Abraçada em um ensino reflexivo, os professores despontaram como seres humanos normais, tocáveis, e o nosso tempo mudou de norte para sul. Falamos dos meninos, dos homens que de um jeito, ou de outro, nós amamos. Esse encontro, o diálogo, a confissão, levaram-me a alugar o filme “Sociedade dos poetas mortos”, uma história que me encantava. Deitei sob as cobertas, um saco de pipoca na mão, a televisão e o meu “eu” estava preparado para me recosturar.
Quando falamos em educação, não precisamos gastar o nosso olhar, ela está à nossa volta, em cada pedaço de rua, dentro de todas as casas, nos sinos que repicam nas igrejas. A educação sempre está nos ensinando, nos esclarecendo, nos reprimindo, nos preparando, às vezes, para o que não queremos ser.
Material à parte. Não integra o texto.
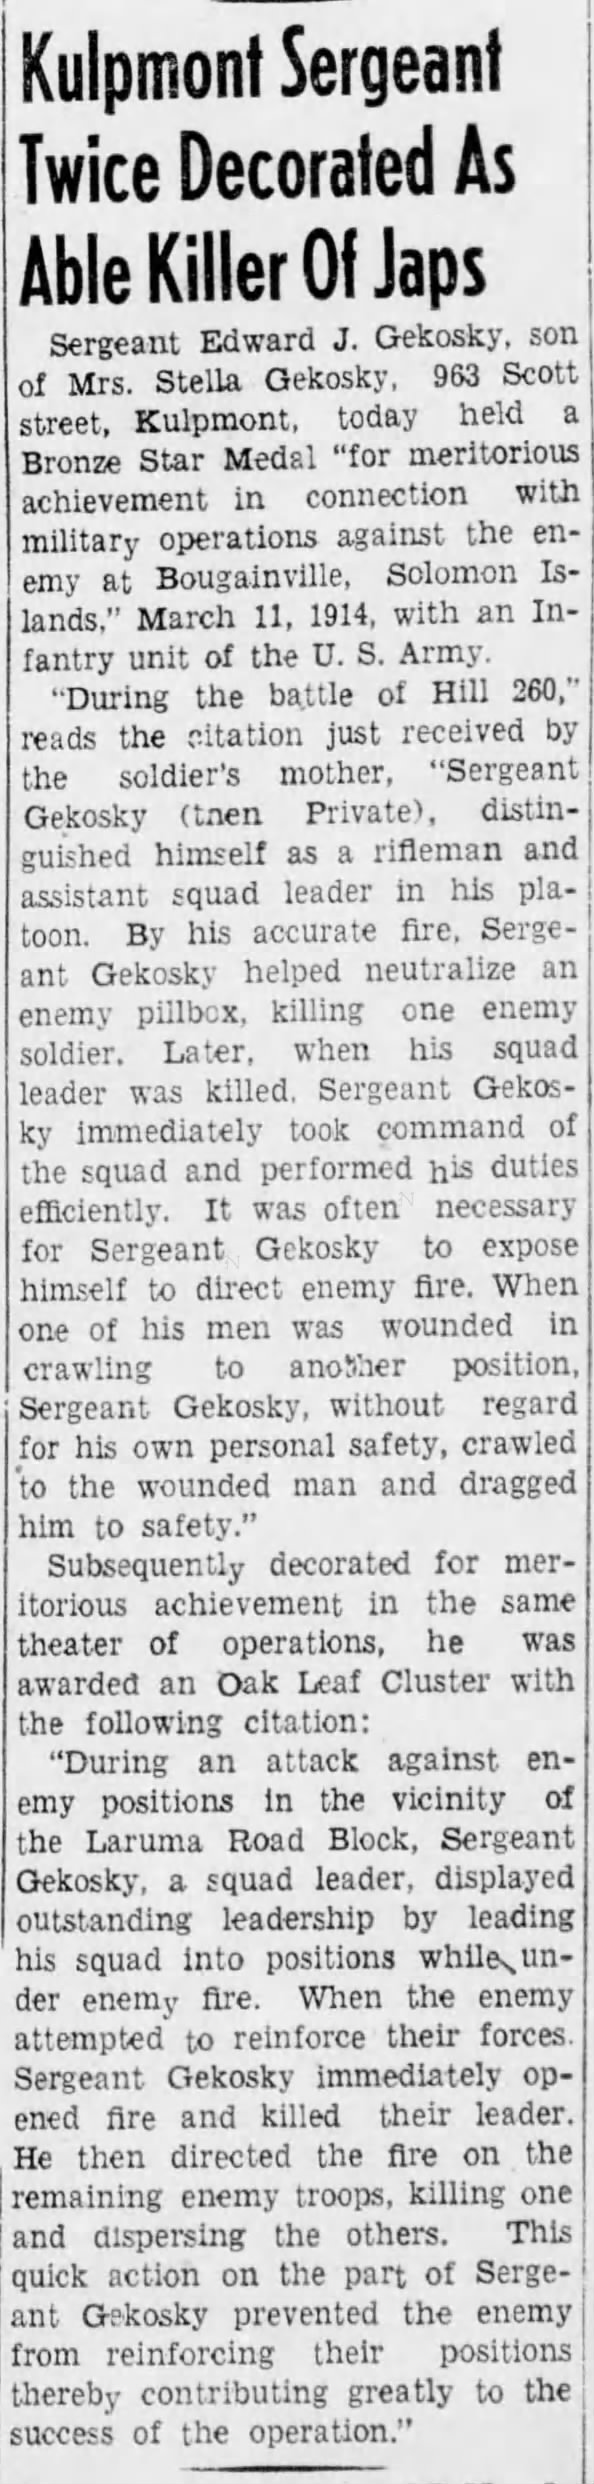 An article about Grandfather Edward Gekosky in WWII South Pacific [Mount Carmel newspaper]

II – O filme “Sociedade dos poetas mortos”
O filme se passa em 1959, numa escola imaginária, dos Estados Unidos, chamada Academia Welton, caríssima, antiga, especializada em preparar os seus alunos para estudar nas maiores universidades do mundo, inclusive em Havard. O seu modelo educacional baseou-se sobre os ideais de valores burgueses que deram o norte a um infinito número de gerações. No vinhedo que sustentava o aprendizado da Welton, cada cacho de uva simbolizava a consistência do seu sistema de ensino: tradição, disciplina, excelência. A educação se bordava em nome e composição de abstratos. A tradição é uma espécie de grandeza transferida de geração a geração; a disciplina possui um significado amplo, mas vamos ficar em obediência, subordinação; excelência é uma palavra que exala o cheiro de notável, ótimo, distinção. A honra representa o estímulo incutido no cérebro de alguém como verdade imbatível.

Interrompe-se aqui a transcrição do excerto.